Из-под одеяла вместо ответа послышалось приглушенное рыдание.

— Разнюнился, — с презрением заметил Вася. — Встань да расскажи.

— Где фуражка? Где ремень? — сердито закричал Иван Сергеевич.

— Проиграл…

— А деньги?

— Проиграл…

Иван Сергеевич схватился за голову.

— Мерзавец! — закричал он. — Выгнать! Немедленно выгнать!

— Правильно, выгнать!

— Немедленно выгнать! — негодующе зашумели ребята.

Оля внимательно, с надеждой оглядела комсомольцев, но не нашла поддержки. «Вот тебе и влияние комсомольской организации»… — мысленно набросилась она на Ивана Сергеевича и категорически заявила:

— Исключать из училища мы неправомочны.

— Правомочны! Не заступайся!

Саша Корнаков и Вася решительно стянули одеяло с Кости. Иван Сергеевич, скрестив руки, отвернулся.

— Простите, больше этого никогда не будет… — умолял Ярков, уцепившись за спинку кровати. Он неожиданно вырвался из рук ребят и спрятался за спину Оли. Секретарь развела руки, закрывая собой Костю.

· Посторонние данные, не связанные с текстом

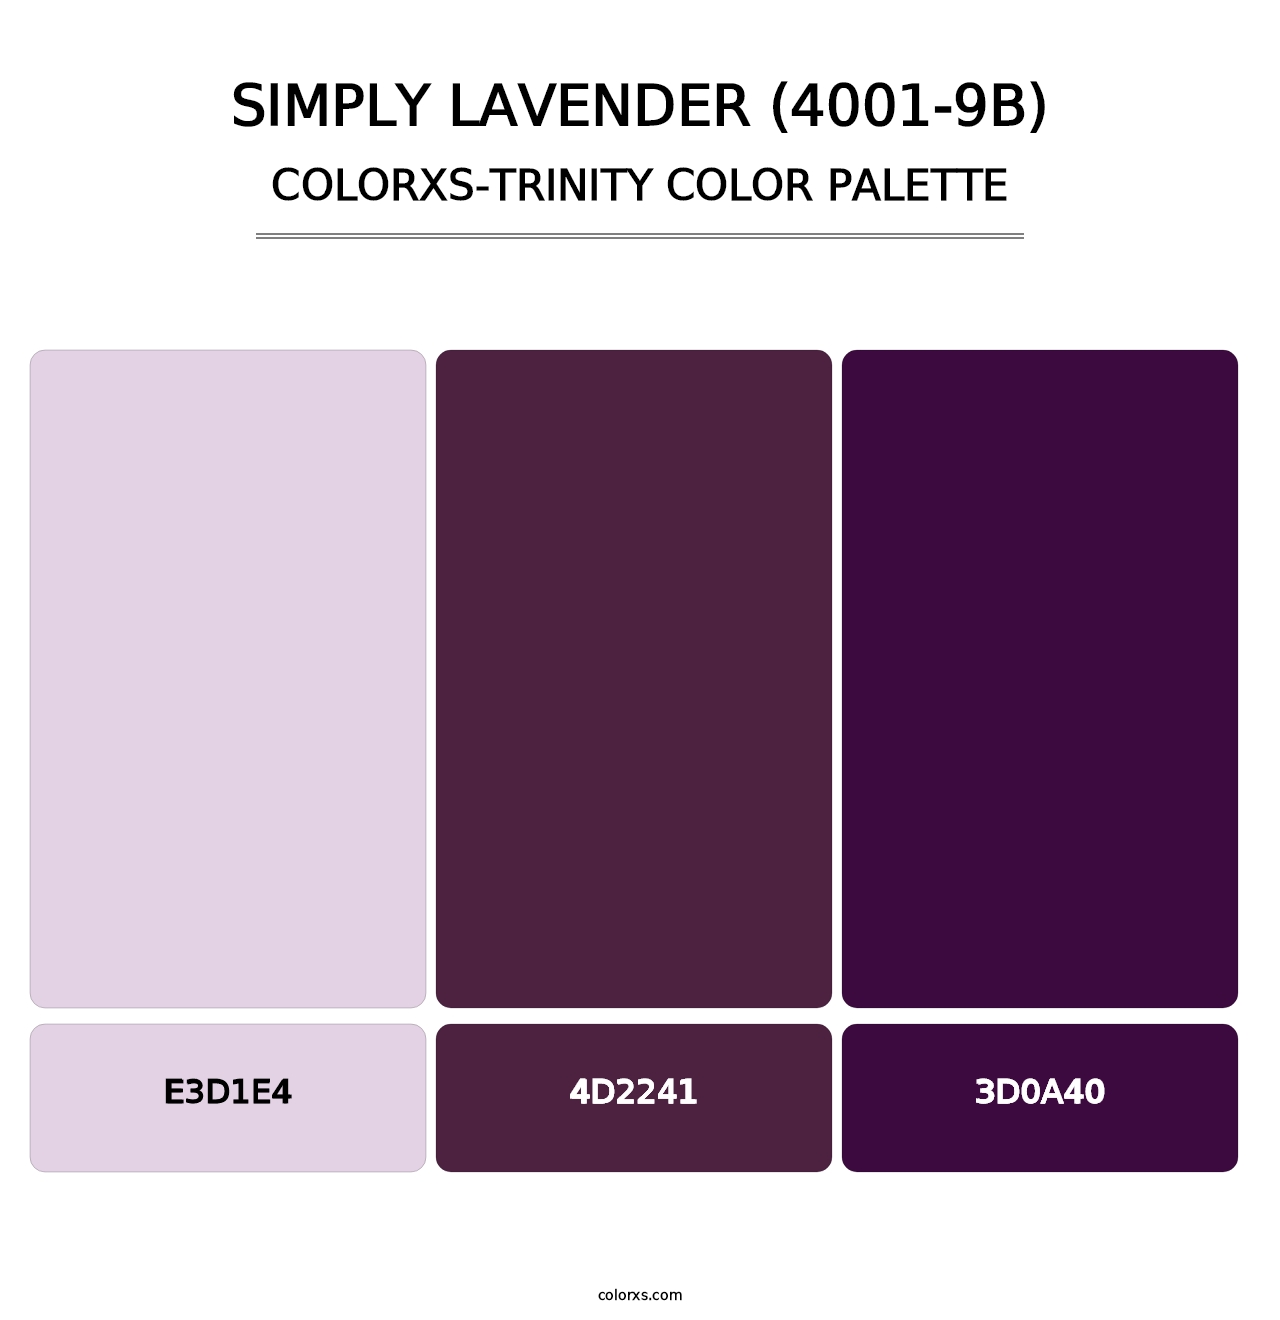 Simply Lavender (4001-9B) - Colorxs Trinity Palette

— Давно ли ты, Вася, был таким же? Тебя не выгоняли, с тобой нянчились, — возмущенно заговорила Оля. — Костя виноват. Об этом мы будем говорить особо. Но посмотрим на себя. Какой-то картежник повлиял на нашего воспитанника больше, чем мы, целый коллектив. Почему? Вот об этом надо подумать. А ты, Иван Сергеевич, болтун, размазня, хвальбуша. Ты только что восхищался Ярковым, а теперь — выгнать…

Иван Сергеевич опустил глаза.

— Хвалился: я да мы… мы, комсомольцы, влияние имеем… Где это влияние? — продолжала наступать Оля.

Ребята молчали.

Целую неделю после случая с Костей Иван Сергеевич ни с кем не разговаривал. Он избегал также Оли. «Это я хвальбуша, зазнался?.. — с обидой думал Иван Сергеевич. — Оля просто скептик. Почему я не должен радоваться успехам? Конечно, Костя меня подвел… Как же так? — размышлял он. — Ярков стал хорошим парнем, давно забросил карты, «орлянку». И вдруг слова прежняя история»…

— Как ты мог, меня подвести? — спрашивал он с укором Яркова. — Теперь тебе не видать комсомольского билета, как своих ушей. Понимаешь?

— Понимаю, — уныло соглашался подшефный. — Я хотел Федьку в школу сагитировать… Понимаешь, Ваня, не жалко мне денег. Конечно, жалко, поправился Костя, — подарок бы матери купил. Но главное, Федька ушел с мыслью: вот, мол, я его обманул, обставил… А ведь я в школе учусь, стою на правильном пути и ему должен этот путь указать. А он мне указал: оставил в дураках. Рано, видно, мне других учить.

Как бы то ни было, этот случай стоил дорого как для Кости, так и для Ивана Сергеевича.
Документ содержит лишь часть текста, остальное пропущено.